As the champion of the VOC 2007-2009 Object Detection Challenge, DPM (Deformable Parts Model) is a well-deserved SOTA (State Of The Art) algorithm in the traditional algorithm of object detection. It was proposed in 2008 and many improvements have been made, so this algorithm can be regarded as an extended algorithm. The algorithm consists of a main filter (Root-filter) and multiple auxiliary filters (Part-filters), through hard negative mining (Hard negative mining), bounding box regression (Bounding box regression) and context priming (Context priming) technology improvement Detection accuracy. As a traditional target detection algorithm, SOTA has a fast calculation speed and can adapt to object deformation, but it cannot adapt to large rotations, so its stability is poor.
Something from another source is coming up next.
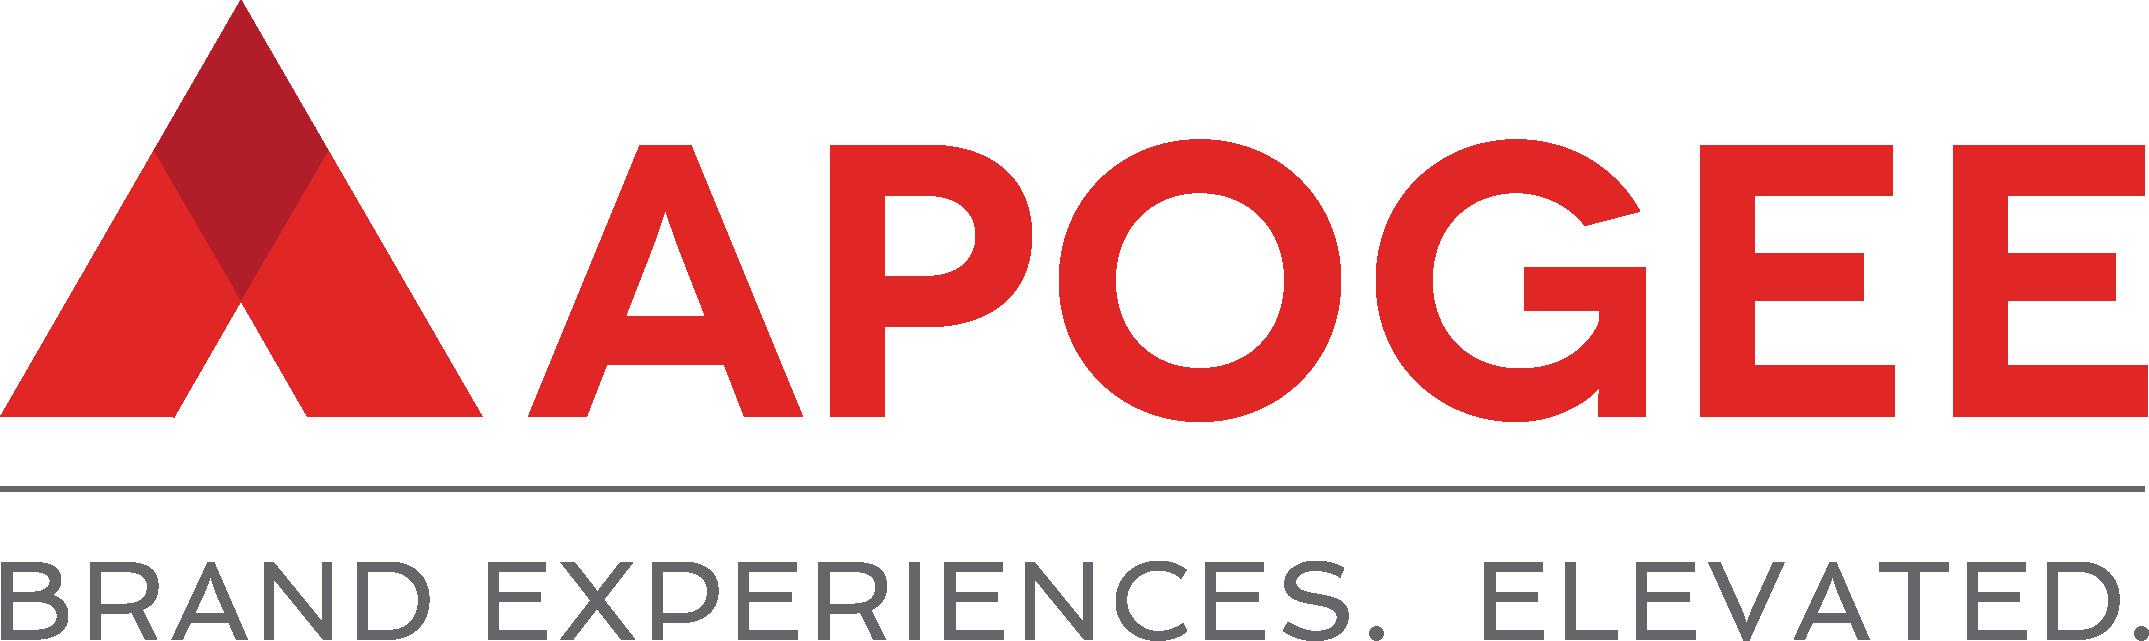 Apogee Exhibits logo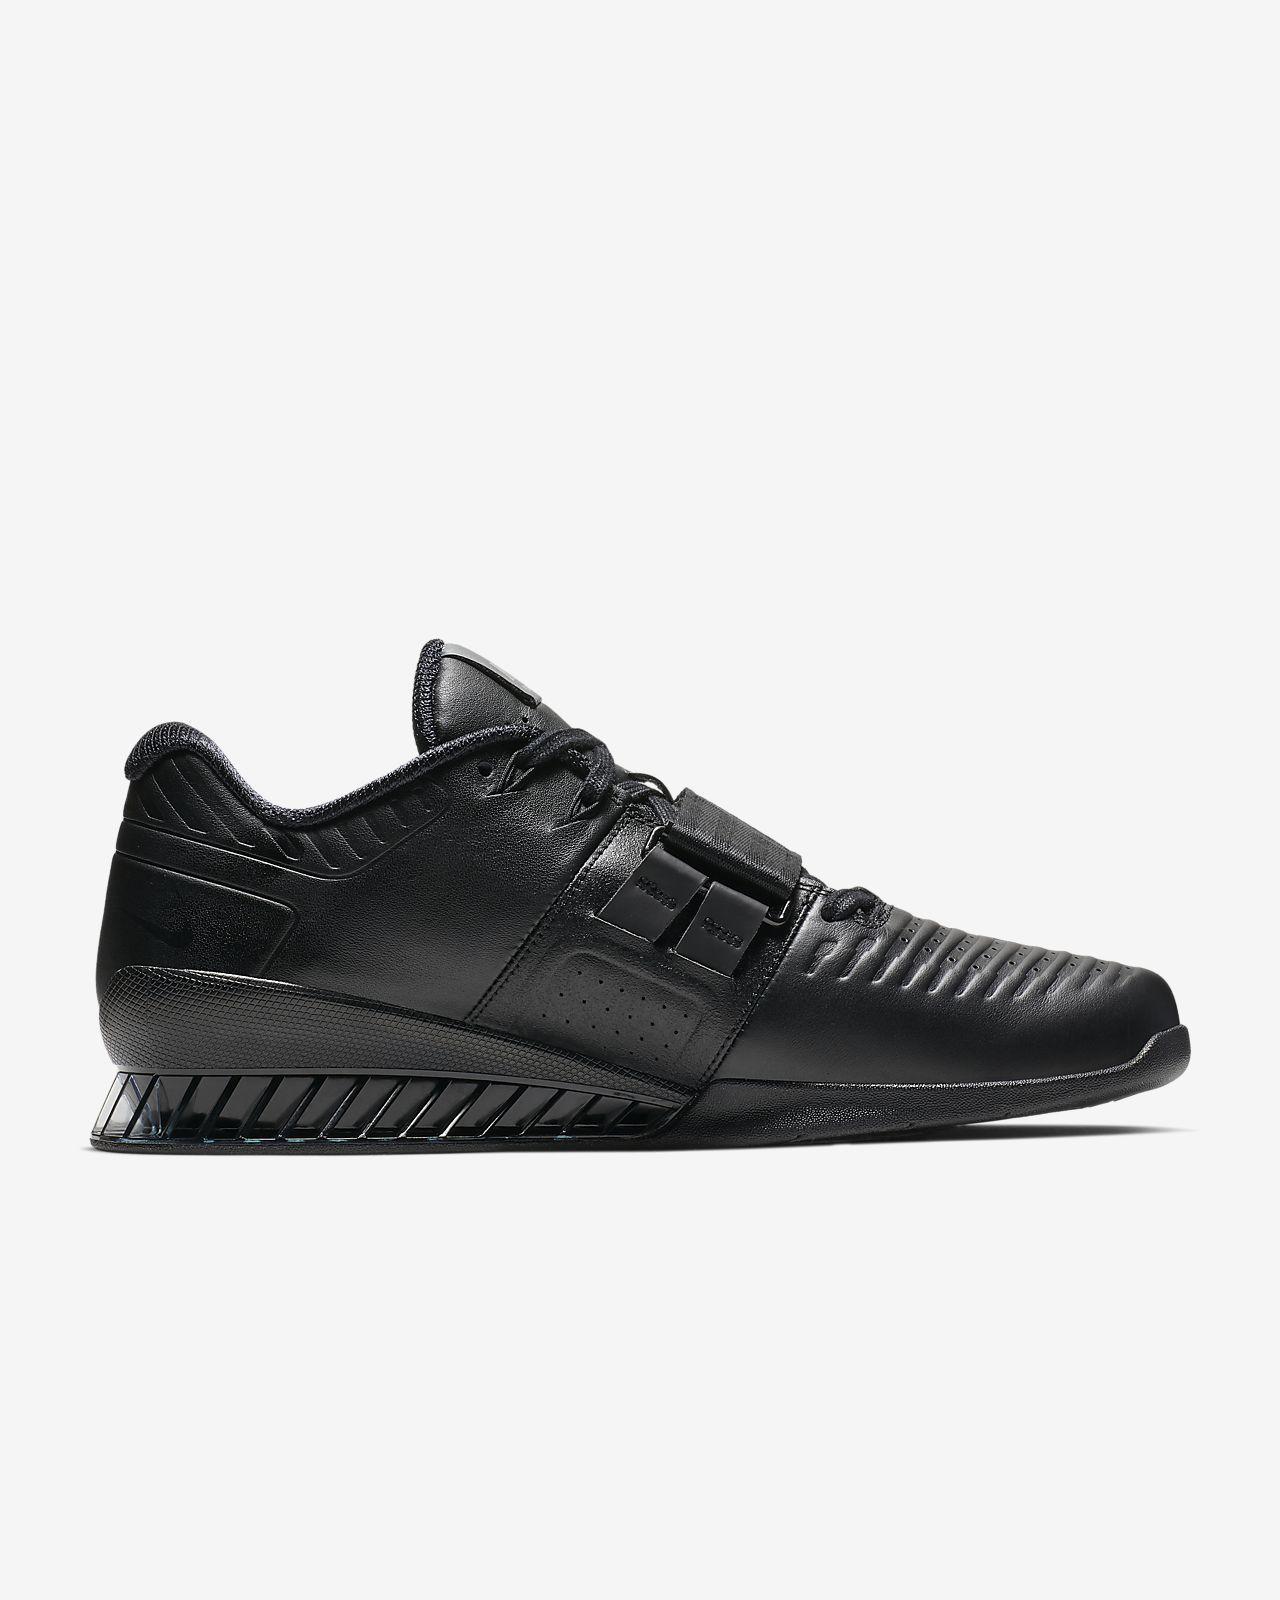 new products 5c260 e91bf ... Nike Romaleos 3 XD Training Shoe

2. Target detection algorithm based on deep learning

Traditional object detection algorithms based on manually extracted features are progressing slowly and have low performance. Until 2012, the rise of Convolutional Neural Networks (CNNs) pushed the field of target detection to a new level. CNNs-based target detection algorithms mainly have two technical development routes: Anchor-Based and Anchor-Free methods, the difference is whether to use Anchor for training and prediction; Anchor-based methods include one-stage and two-stage detection algorithms, two-stage The target detection algorithm is generally more accurate than the one-stage detection algorithm, but the one-stage detection algorithm will be faster, and the Anchor-Free algorithm has been gradually improved in recent years.
insert image description here

(1)Two Stage

First generate a region, which is called a region proposal (referred to as RP, a pre-selection box that may contain objects to be detected), and then classify samples through a convolutional neural network.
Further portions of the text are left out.